Eric Green, Ben Solomon, Ellen Rolfes

On Nov. 12, Benjamin Solomon, M.D., started as NHGRI’s Clinical Director. In this position, he is responsible for leading the institute’s intramural Clinical Research Program, providing oversight and guidance to NHGRI scientists and physicians working to develop new diagnostic, therapeutic, and management approaches for the clinical care of patients with genetic disorders. In this role, Ben will provide new leadership of a research portfolio that involves the study of a large set of genetic (and suspected genetic) disorders.

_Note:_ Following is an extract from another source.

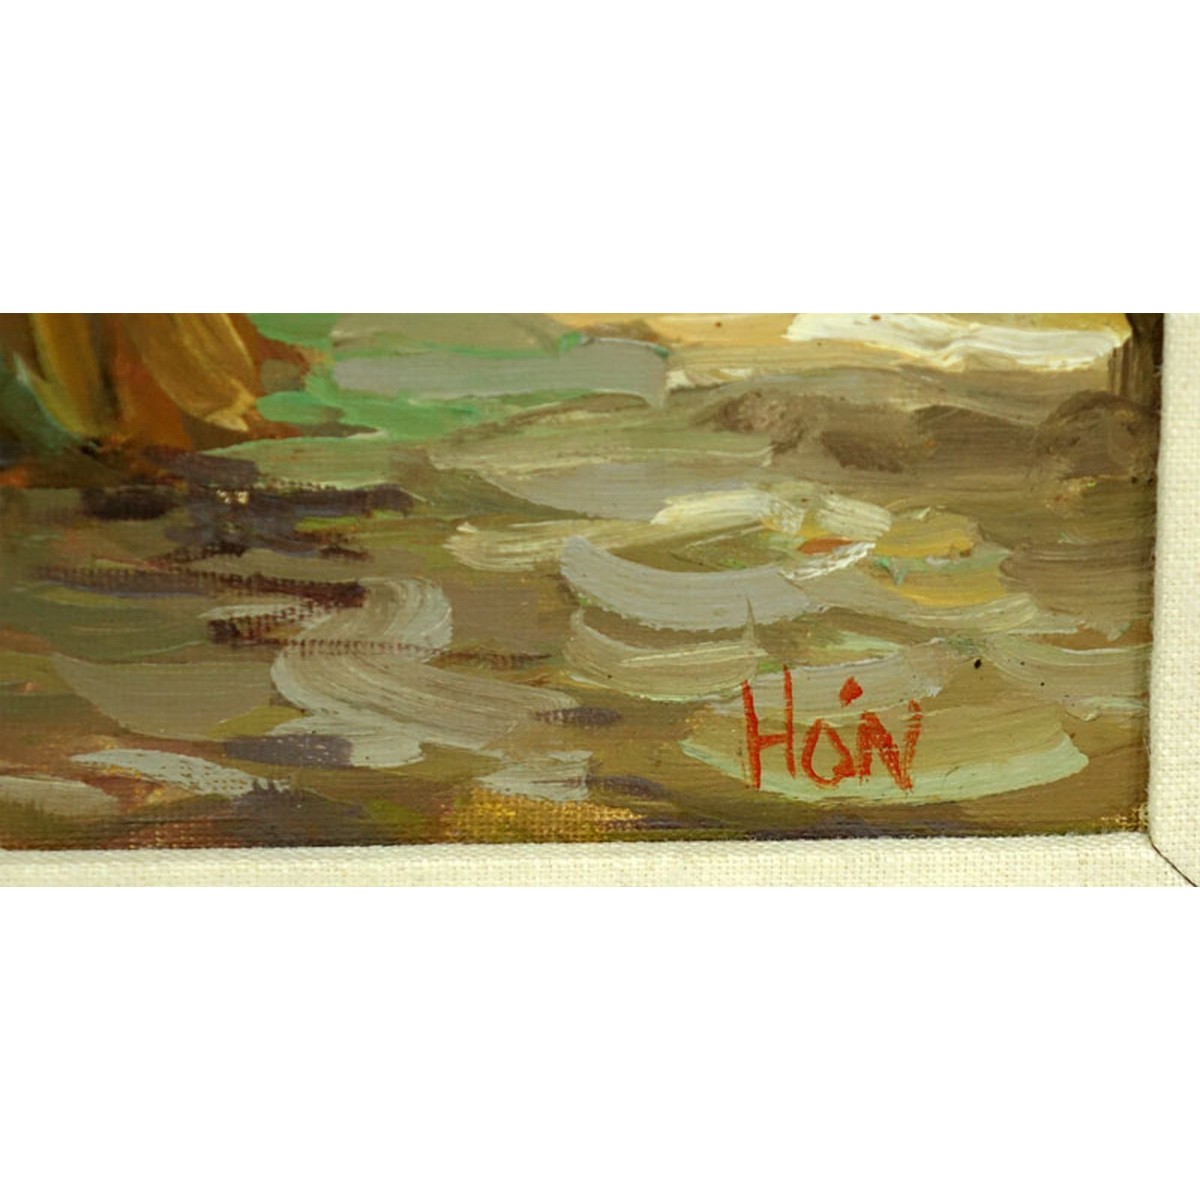 20th Century Oil on Board, Landscape Scene, Signed Lower Right. Presentation inscription and O'Neil Gallery label en verso.

Immediately prior to becoming NHGRI’s Clinical Director, Ben held a senior leadership position at the diagnostic company GeneDx, serving as a managing director with a team of more than 400 employees. Using artificial intelligence and other progressive bioinformatics methods, his clinical research group tested approaches for identifying the cause of elusive genetic diseases, finding answers where none had previously existed. He and his colleagues collaborated with hundreds of physicians and scientists to identify more than 100 novel disease genes, publishing papers in journals such as Nature Genetics, Nature Communications, and PNAS. Prior to his position at GeneDx, Ben was chief of the Division of Medical Genomics at the Inova Translational Medicine Institute at Inova Health System. Since 2017, he has served as deputy editor-in-chief for the American Journal of Medical Genetics. He has authored and co-authored more than 120 peer-reviewed papers, 10 commentaries, and six book chapters.

NHGRI is not foreign to Ben. In fact, he trained in the NHGRI medical genetics training program fellowship, subsequently working at the institute for several years as a staff clinician. During the latter time, he also served on the NHGRI Fellowship Executive Committee, which oversees the medical genetics training program.

The NHGRI Clinical Research Program, which resides within the Division of Intramural Research, houses world-renowned clinical researchers who focus on medical genetics and genomic medicine. These investigators pursue a diverse set of research projects – from natural history studies to searches for genes underlying genetic diseases to the development of animal models to the identification and evaluation of new targeted therapies. These studies often involve collaborations with colleagues across the world.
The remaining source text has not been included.